From the 2011 Population and Housing Census, a list of enumeration areas (EAs) was prepared for the sampling frame. The EA was considered as the primary sampling unit in both urban and rural areas. In total, 207 clusters in urban areas and 393 clusters in rural areas were selected to get a total of 600 EAs. In the second phase, households were listed in these EAs. With this design, a total of 18,000 residential households were selected and among those, one-third of the households were randomly selected for measurement of blood pressure. All males and females aged 35 years or older in these selected households were approached to measure blood pressure. Details of the survey design, methodologies, sample size calculation, findings, and questionnaires are available elsewhere [18].

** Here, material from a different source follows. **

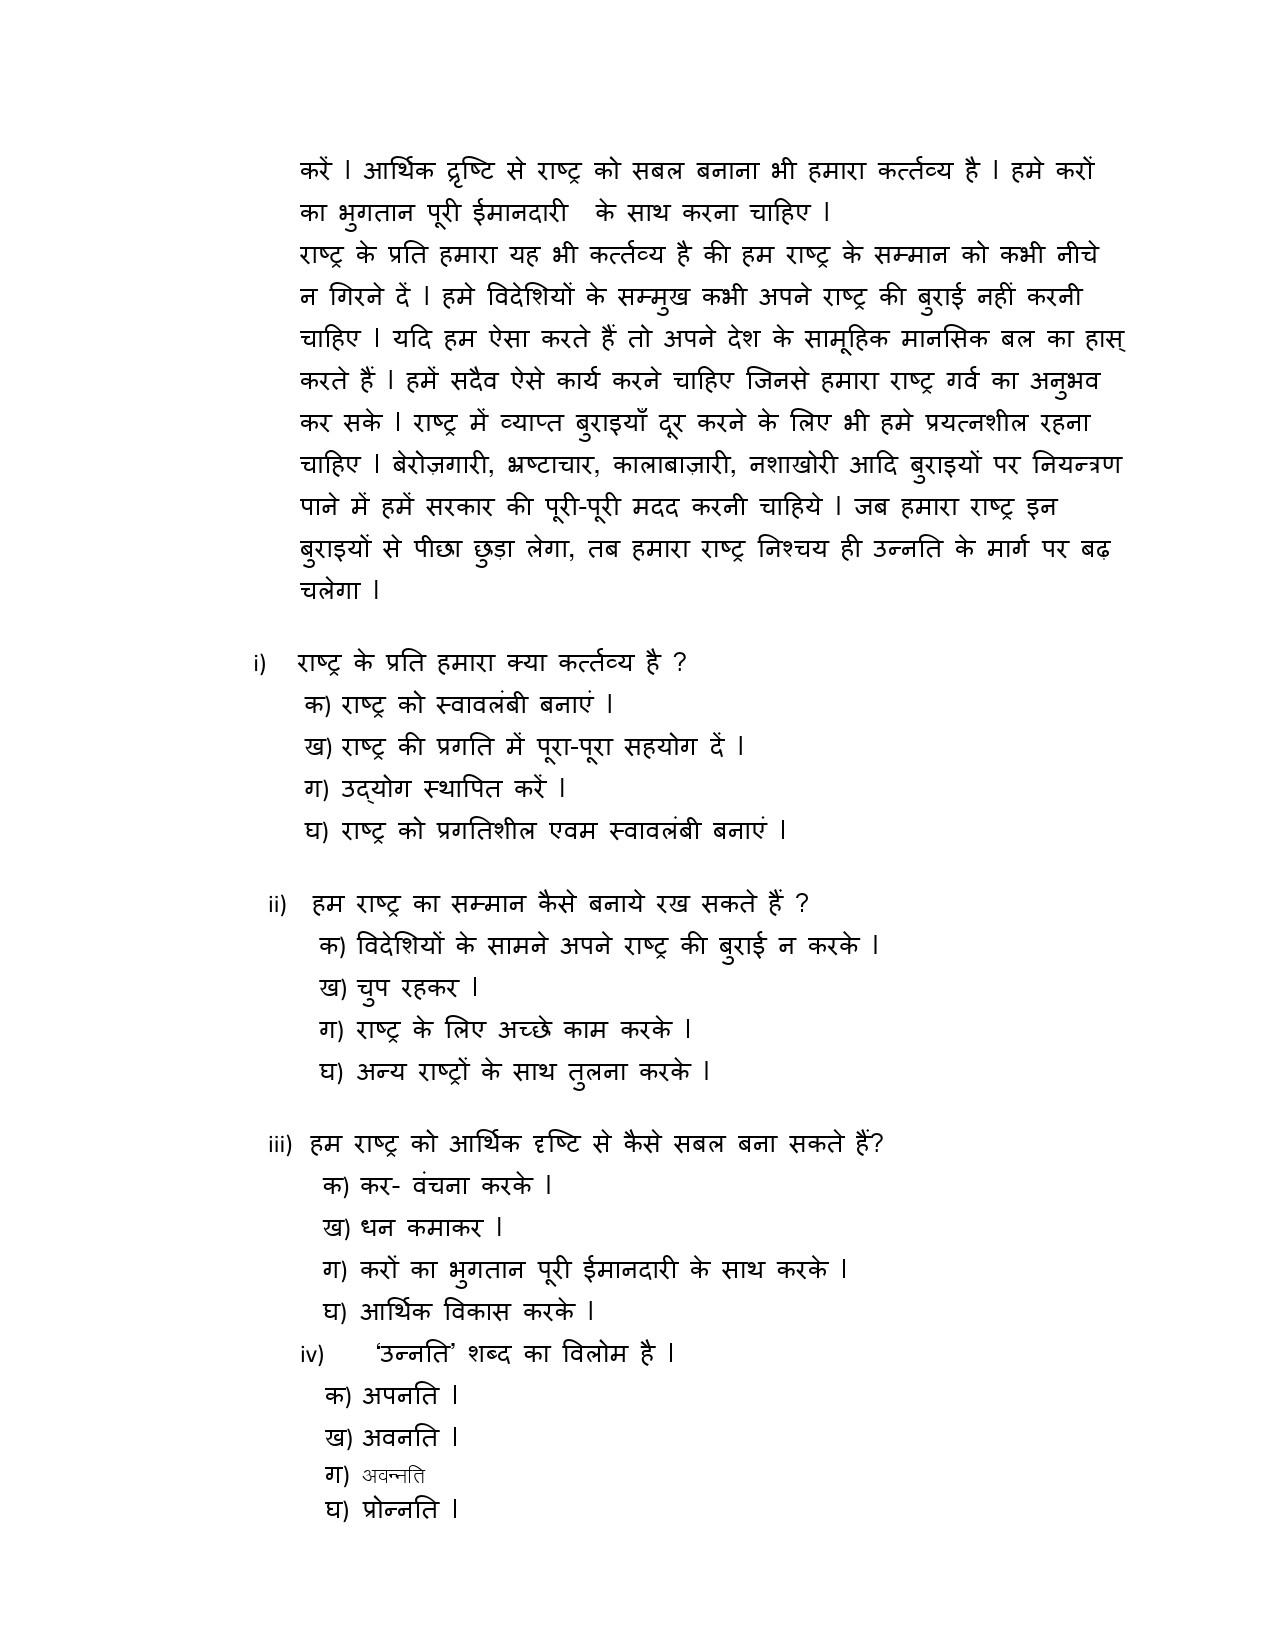 Hindi A CBSE Class X Sample Question Paper 2015 16 - Image 3

2.3. Assessment of blood pressure and hypertension

Blood pressure measurements were taken by making the participants relax and have them seated straight with the arm supported in a fixed position. The WHO-recommended “LIFE SOURCE® UA-767” Plus Blood Pressure Monitor model was used to measure SBP and DBP. Well trained data collectors measured SBP and DBP three times with an interval of ten minutes between measurements for each participant. The average of the last two measures was used to document the final blood pressure value [18]. Besides, participants were asked if they were taking any prescribed anti-hypertensive drugs to lower blood pressure level. PP was calculated as the difference between SBP and DBP, and MBP was calculated as: MBP = [2 × (DBP) + SBP]/3. In the present study, hypertension was defined as an SBP over 140 mmHg or/and a DBP over 90 mmHg, or current use of antihypertensive medication, or participants with a self-reported physician diagnosis of hypertension [13].

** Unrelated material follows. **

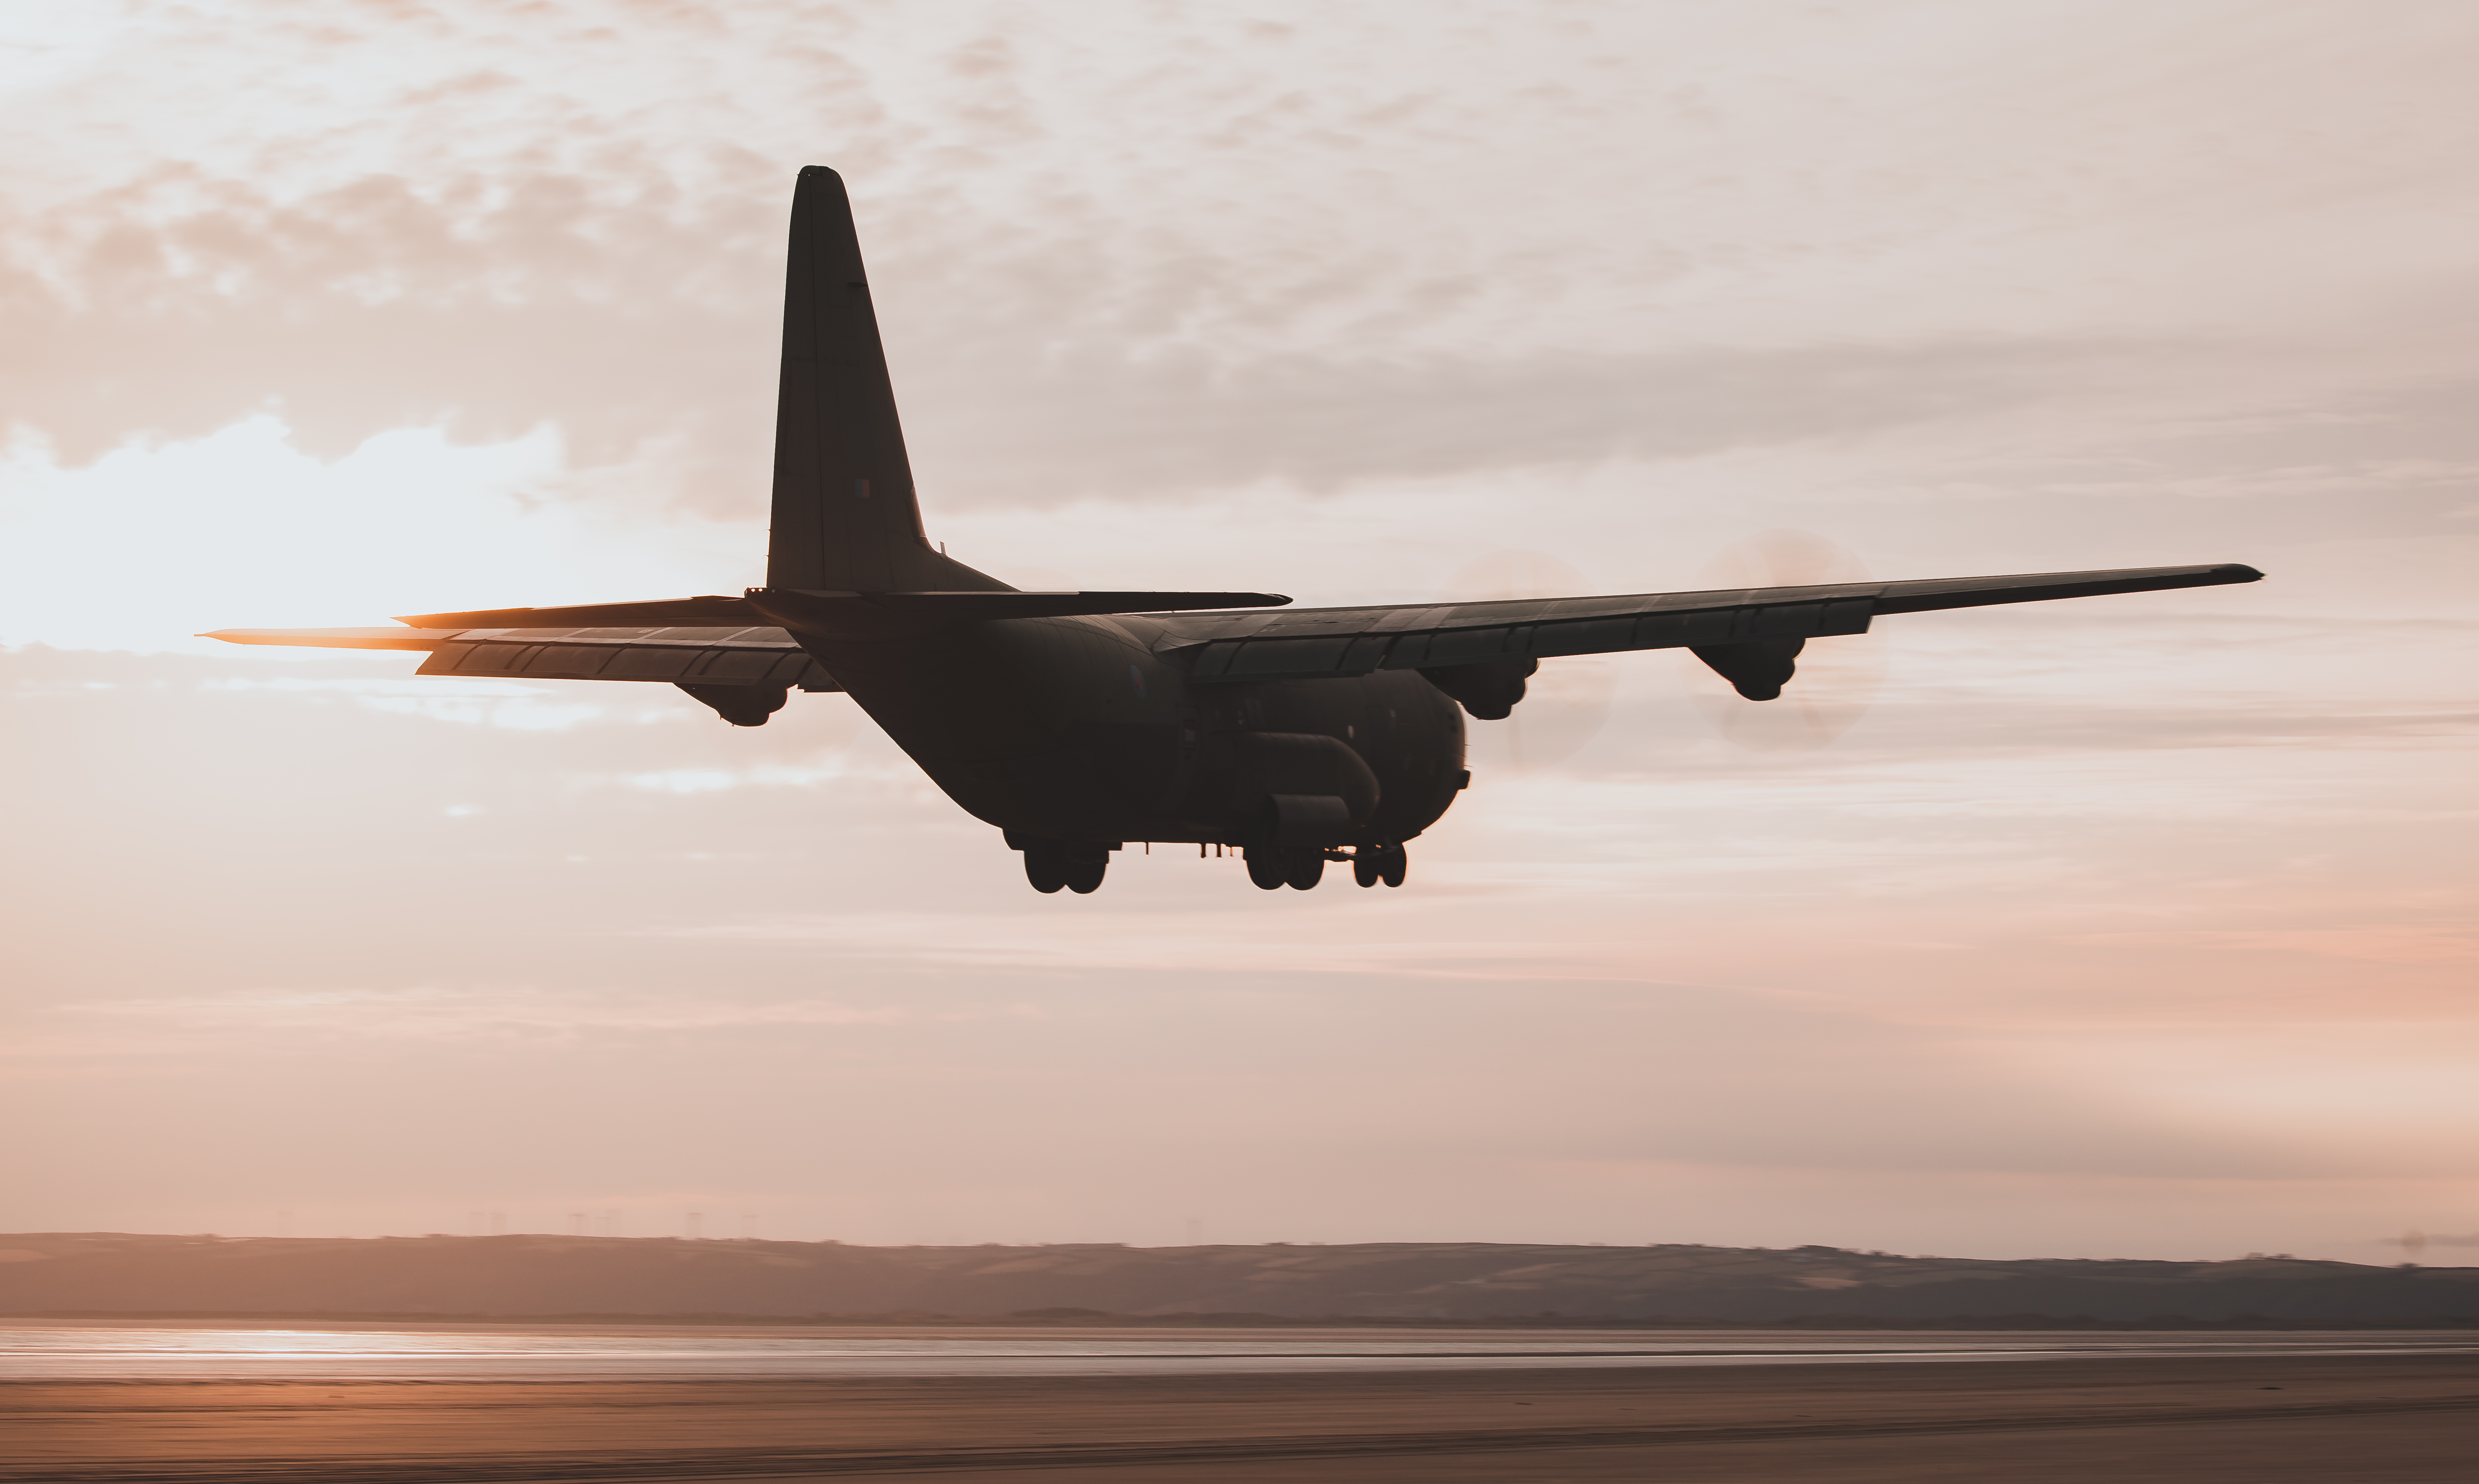 Image shows Hercules aircraft flying low.

2.4. Assessment of height and height quartiles

Height was measured at the participant's home by trained field research staff. Height was measured only once using a standard clinical height scale. Height (to the nearest 0.1 cm) was measured in participants not wearing shoes [18]. The measured height was categorized in sex-specific quartiles (Q). For men, the height quartiles were Q1≤157.4 cm, Q2 157.5–161.6 cm, Q3 161.7–165.9 cm, and Q4 =>166 cm. For women, the corresponding quartiles were Q1≤145.5 cm, Q2 145.6–149.2 cm, Q3 149.3–153.5 cm, and Q4 =>153.6 cm.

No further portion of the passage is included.